Monday, October 31, 2005

Let's say being gay is a choice

For the sake of this arguement, let's just say that people choose to be gay.

Currently Texas is poised to be the 19th state to pass a state constitutoinal amendment to ban gay marraige. In Main, a conservative group is urging people to quash a new law prohibiting descrimination based on sexual preference. Meaning, of course, that they want to descriminate against people based solely on the fact that they are gay.

Now, let's say that being gay is a choice, and that's why they are against gay marraiges and gays in general, that because it's achoice there's no inherent right to it, but isn't religion a choice?

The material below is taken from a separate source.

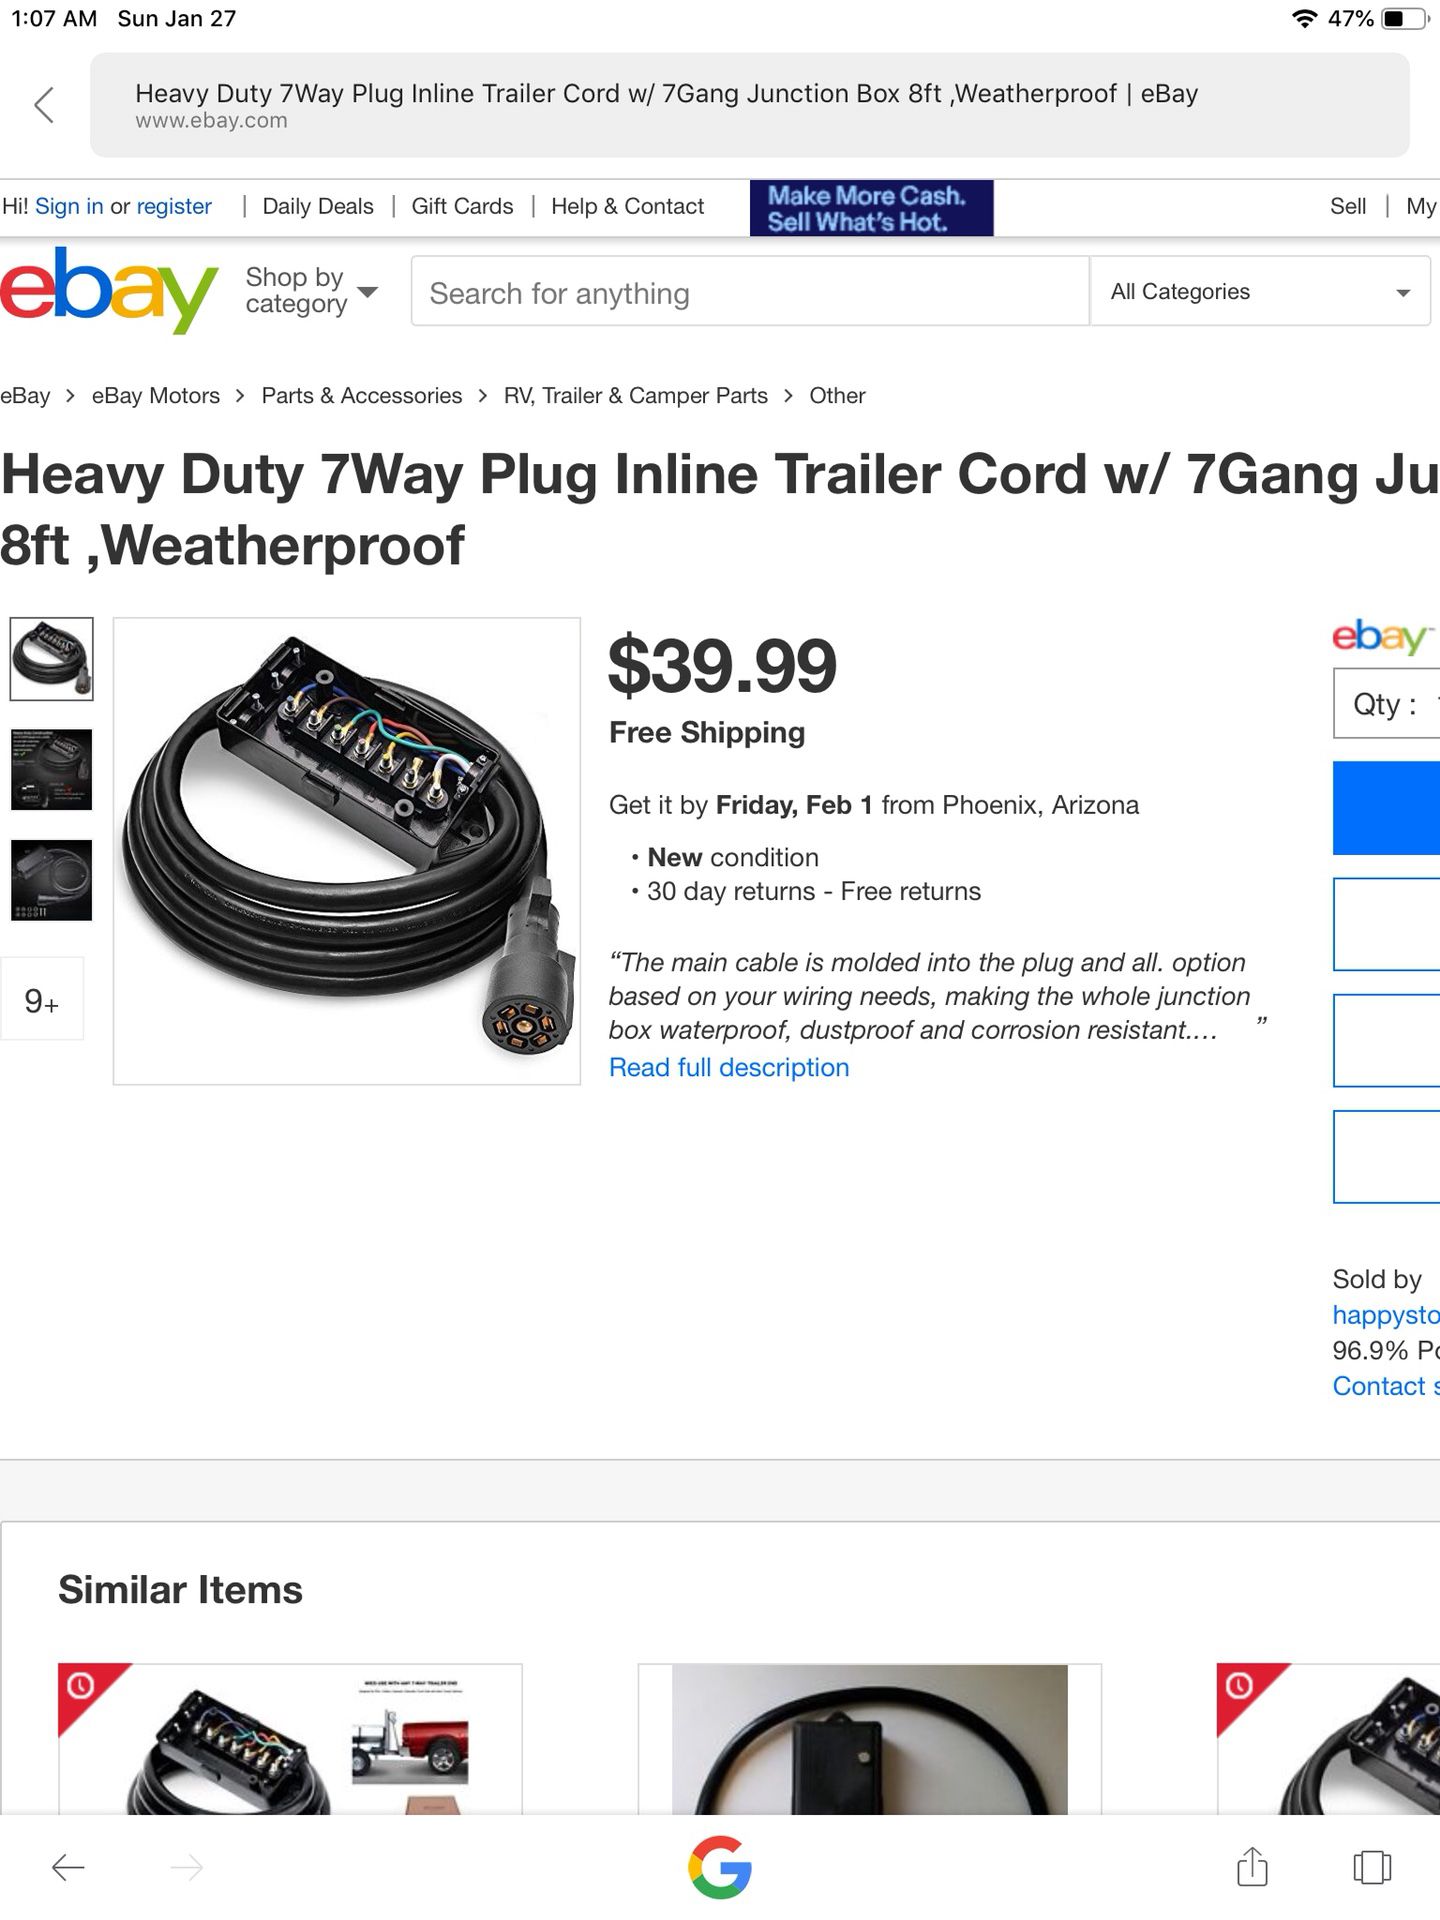 Heavy duty 7 way inline trailer cord

No one is born Catholic, no one is born a Christian, or Jew, or Muslim. Even if they are born into a family thereof and raised in a society that heavily promotes a certain religion, people still choose to be of one religion or another.

So why can't I descriminate against people based on religious choice?

Some religions accept homosexuality, Protestants for one. So can I then descriminate against Protestants because they accept gays, and that's against my religion? If I can descriminate against gays, can't I descriminate against religions that accept gays?

This isn't even a slippery slope, people, it's a sheer cliff dropping off into the void.

The United States Constitution is inclusive, not exclusive. It's designed to include people, not exclude them. It's designed to accept people, not descriminate agaisnt them. One person's religious freedom does not trump another person's religious freedom, and yet that's exactly what we're looking at with this.